* Instructions for the task
Include the line with "Q&A with Paul" and every line before it in the entries below, echoed exactly, but not the pictures.

(Records excerpted from a collection)
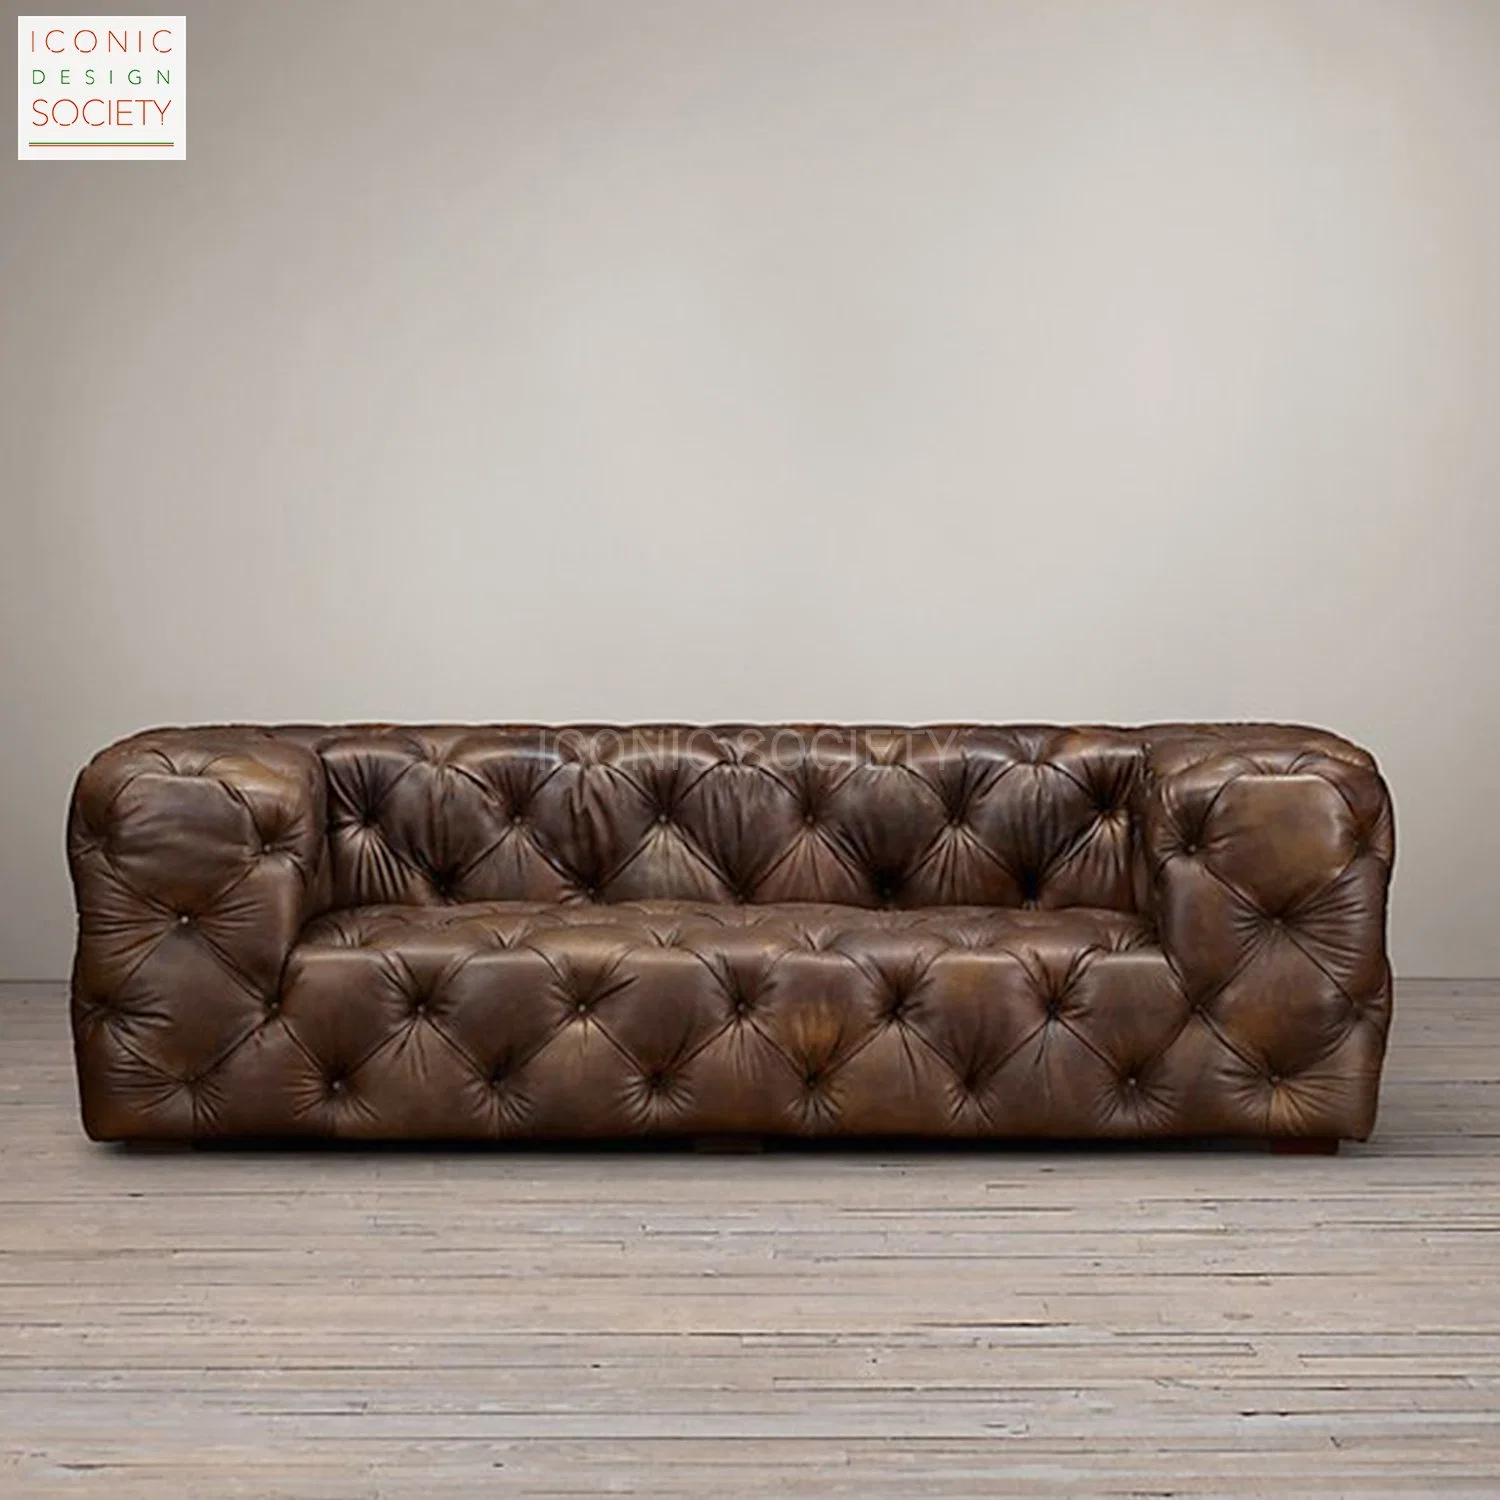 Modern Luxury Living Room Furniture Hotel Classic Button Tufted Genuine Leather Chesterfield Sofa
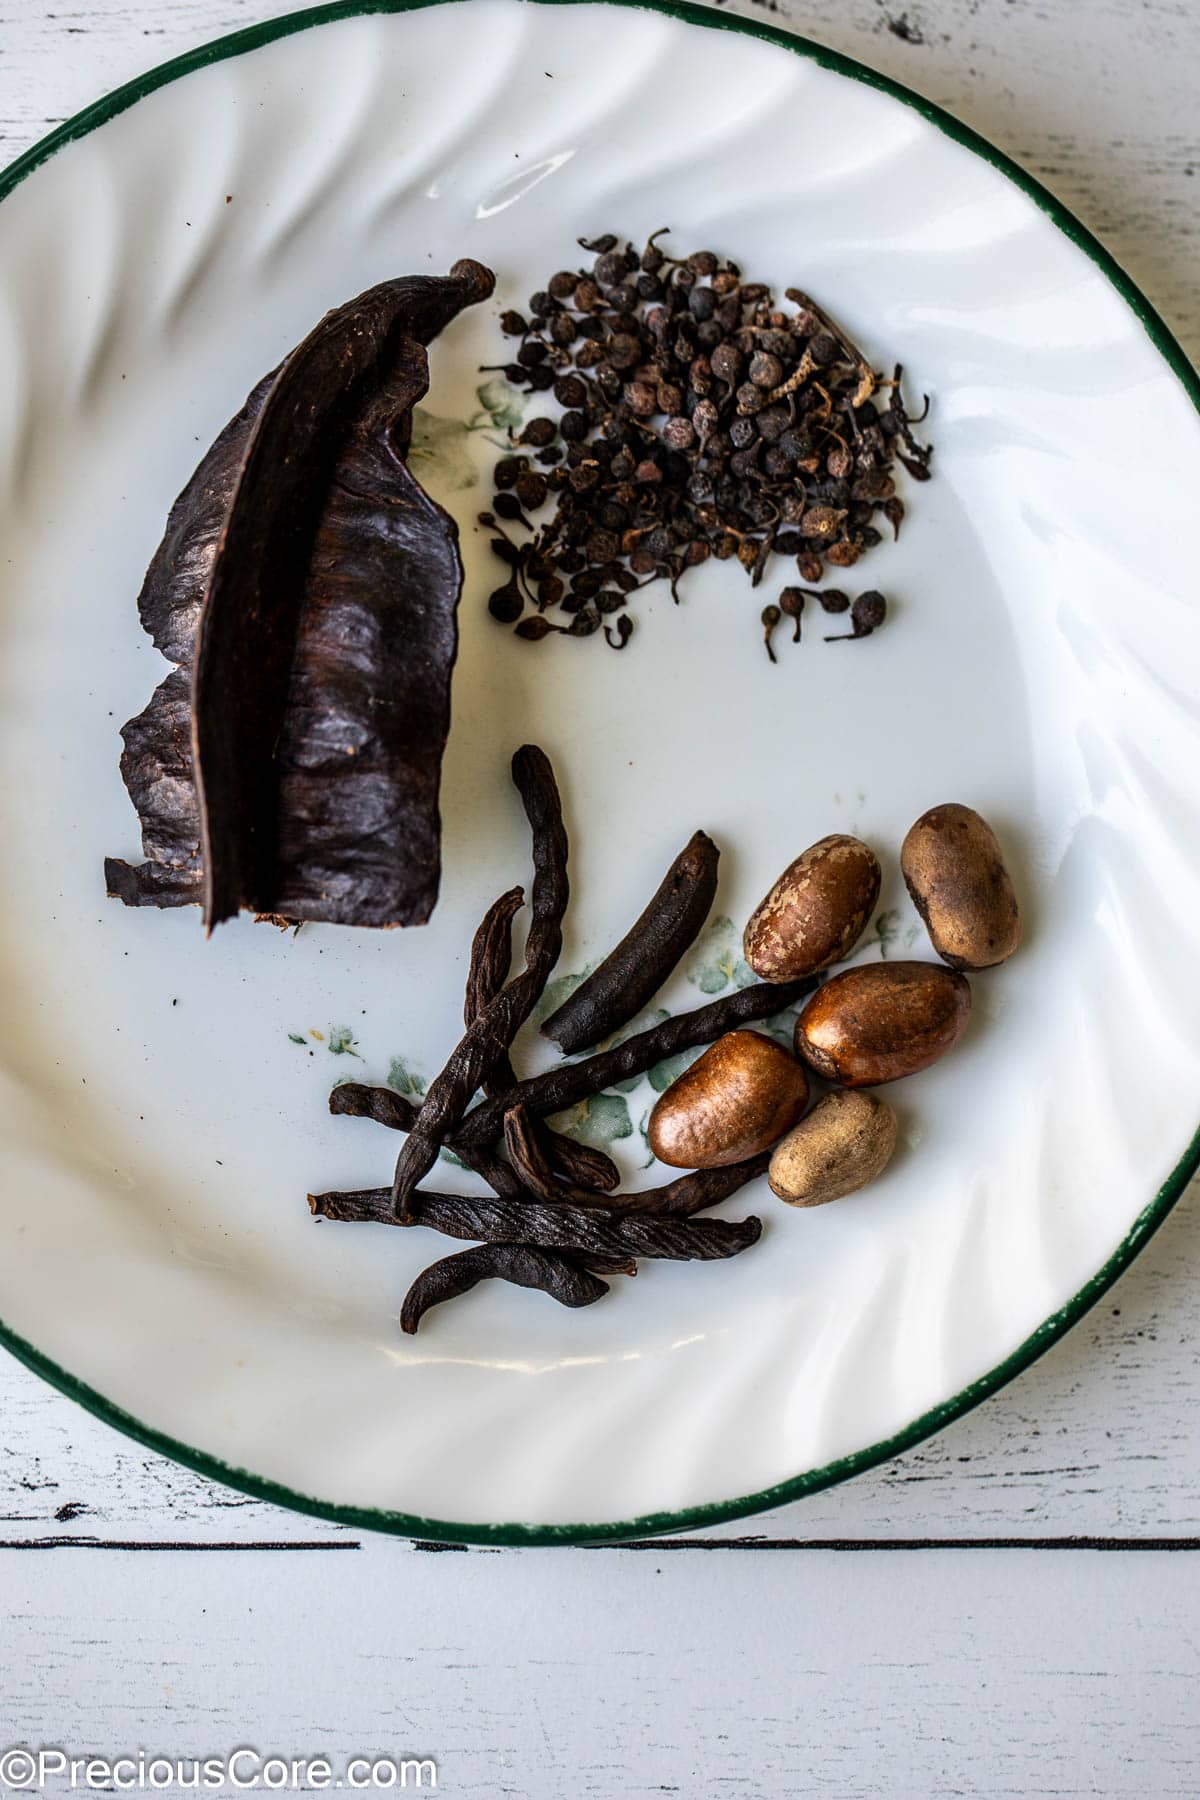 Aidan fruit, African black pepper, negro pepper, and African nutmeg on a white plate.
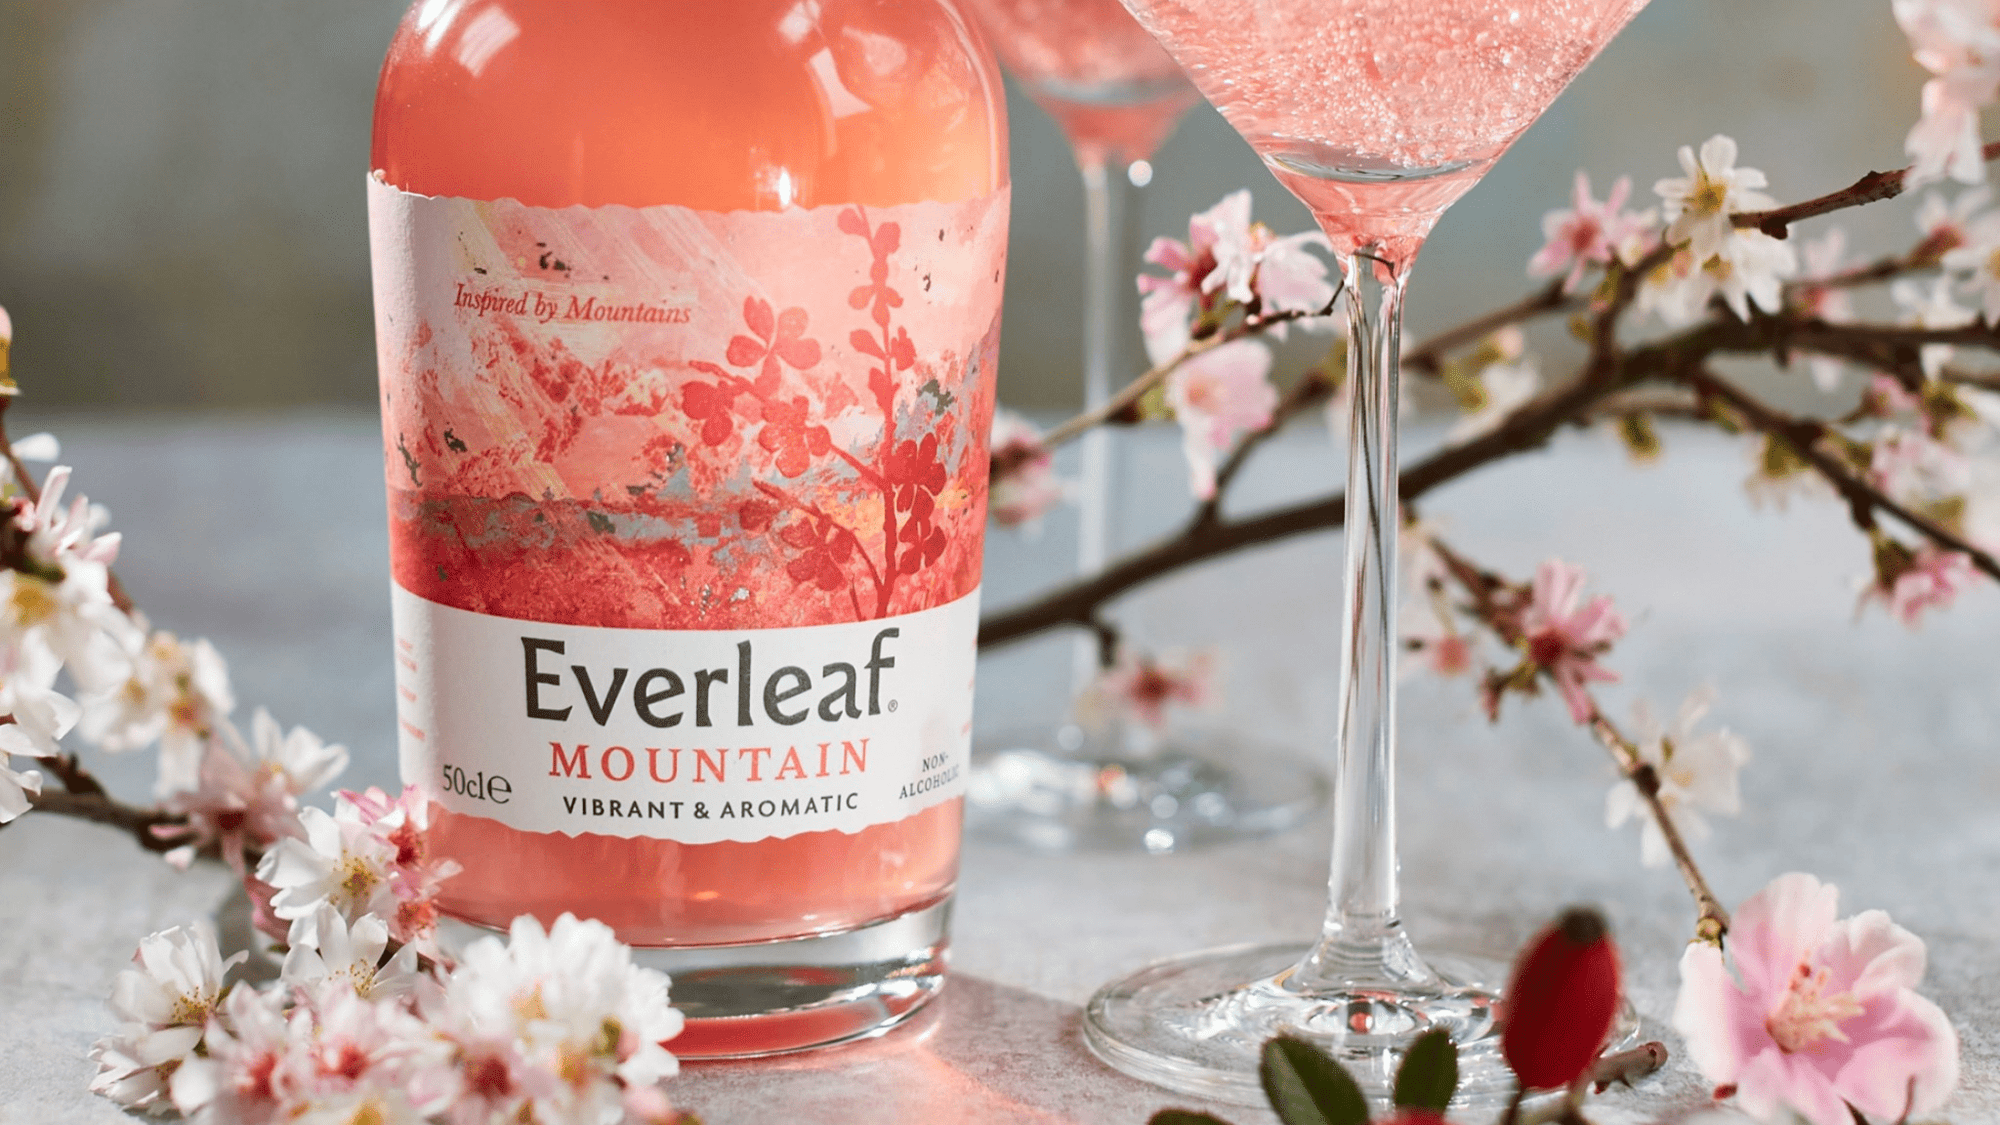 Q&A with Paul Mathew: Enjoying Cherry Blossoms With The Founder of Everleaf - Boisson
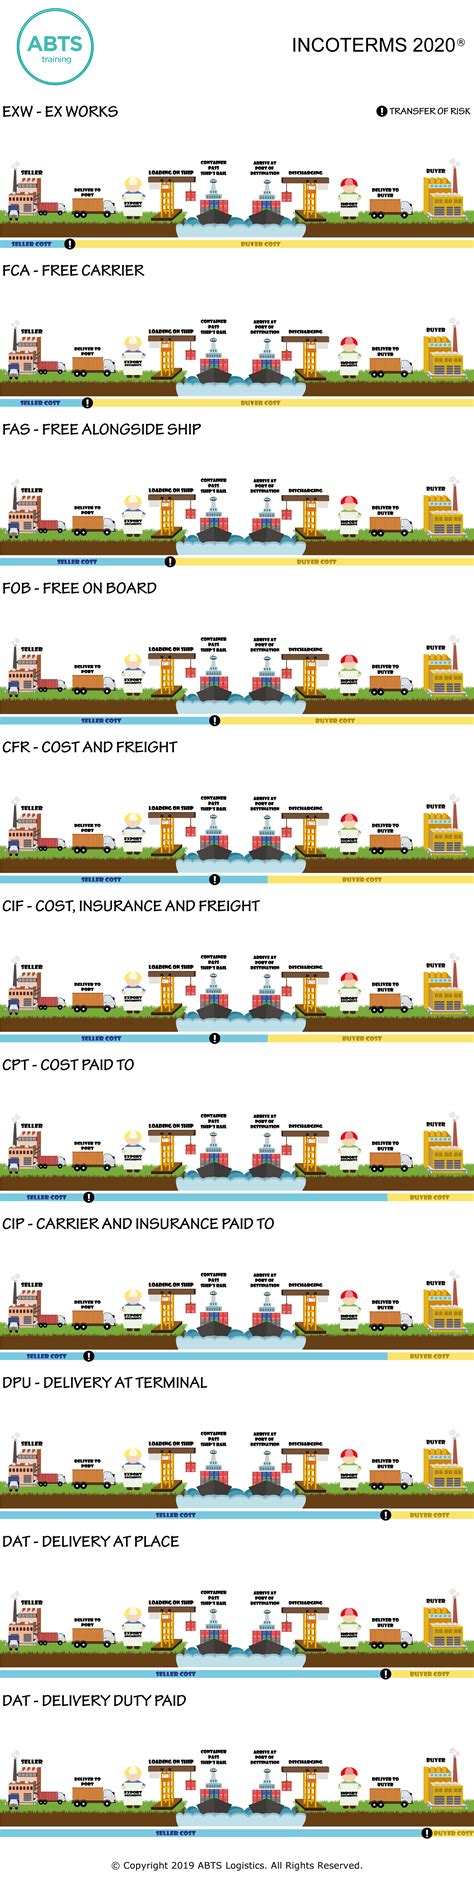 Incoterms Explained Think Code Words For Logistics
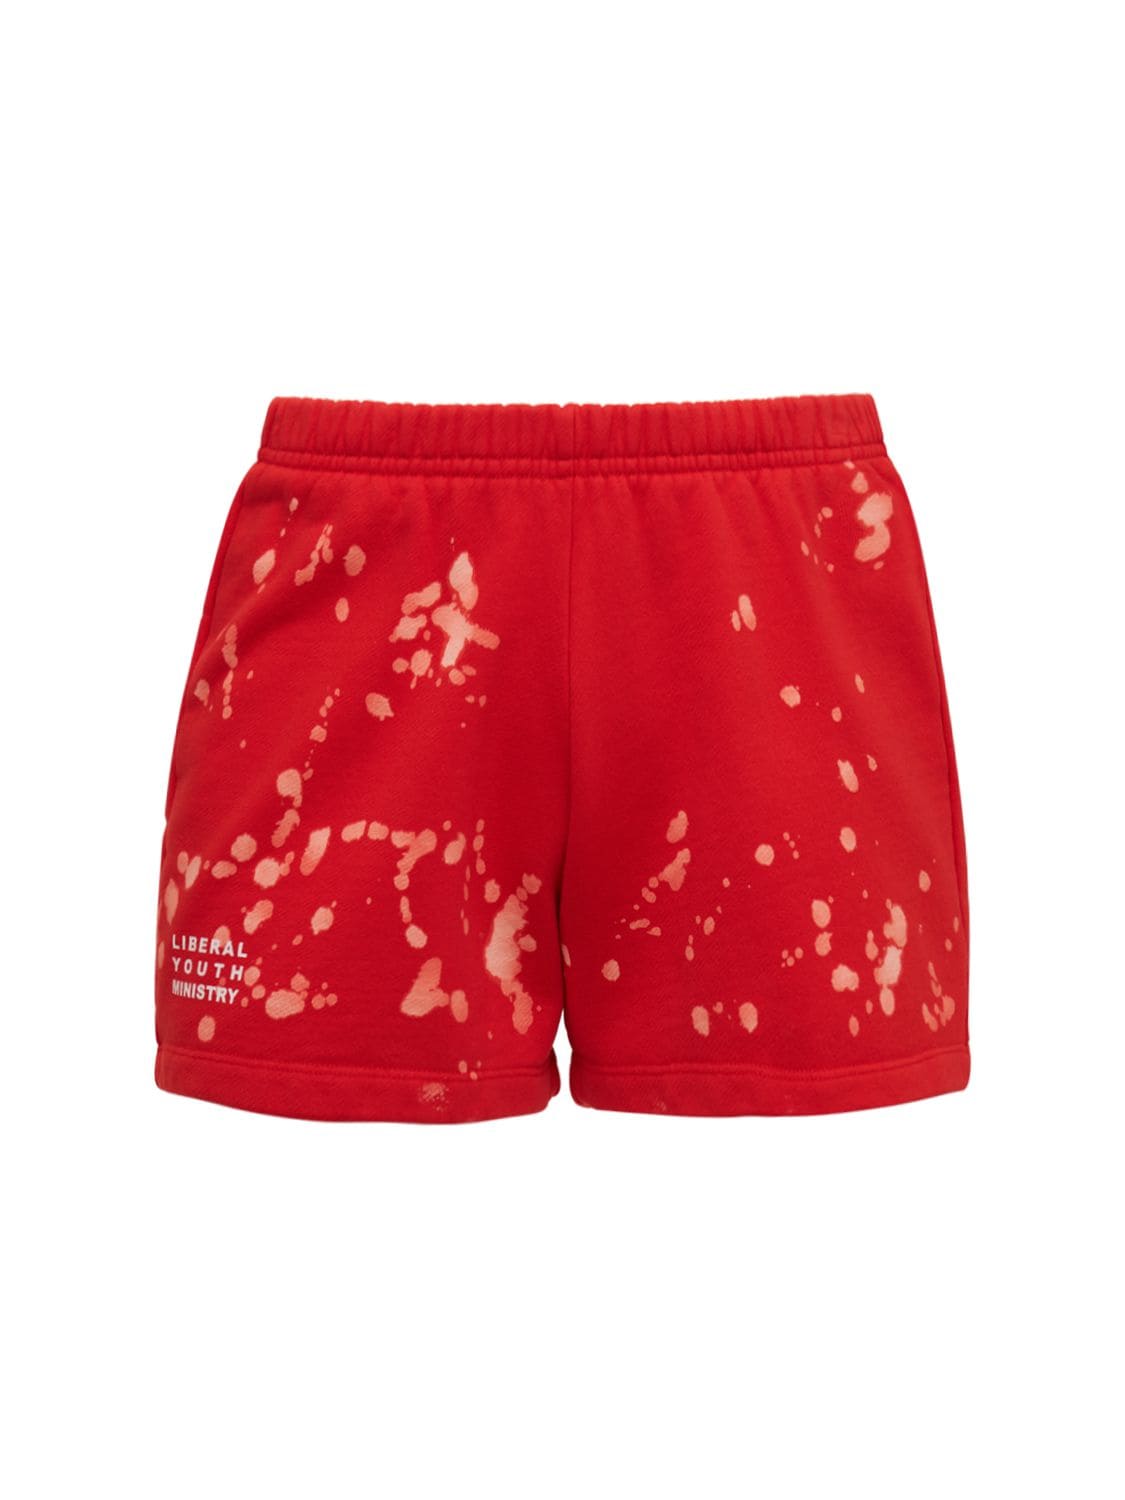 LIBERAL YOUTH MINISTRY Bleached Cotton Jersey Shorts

* Solution to the problem
 Modern Luxury Living Room Furniture Hotel Classic Button Tufted Genuine Leather Chesterfield Sofa
 Aidan fruit, African black pepper, negro pepper, and African nutmeg on a white plate.
 Q&A with Paul Mathew: Enjoying Cherry Blossoms With The Founder of Everleaf - Boisson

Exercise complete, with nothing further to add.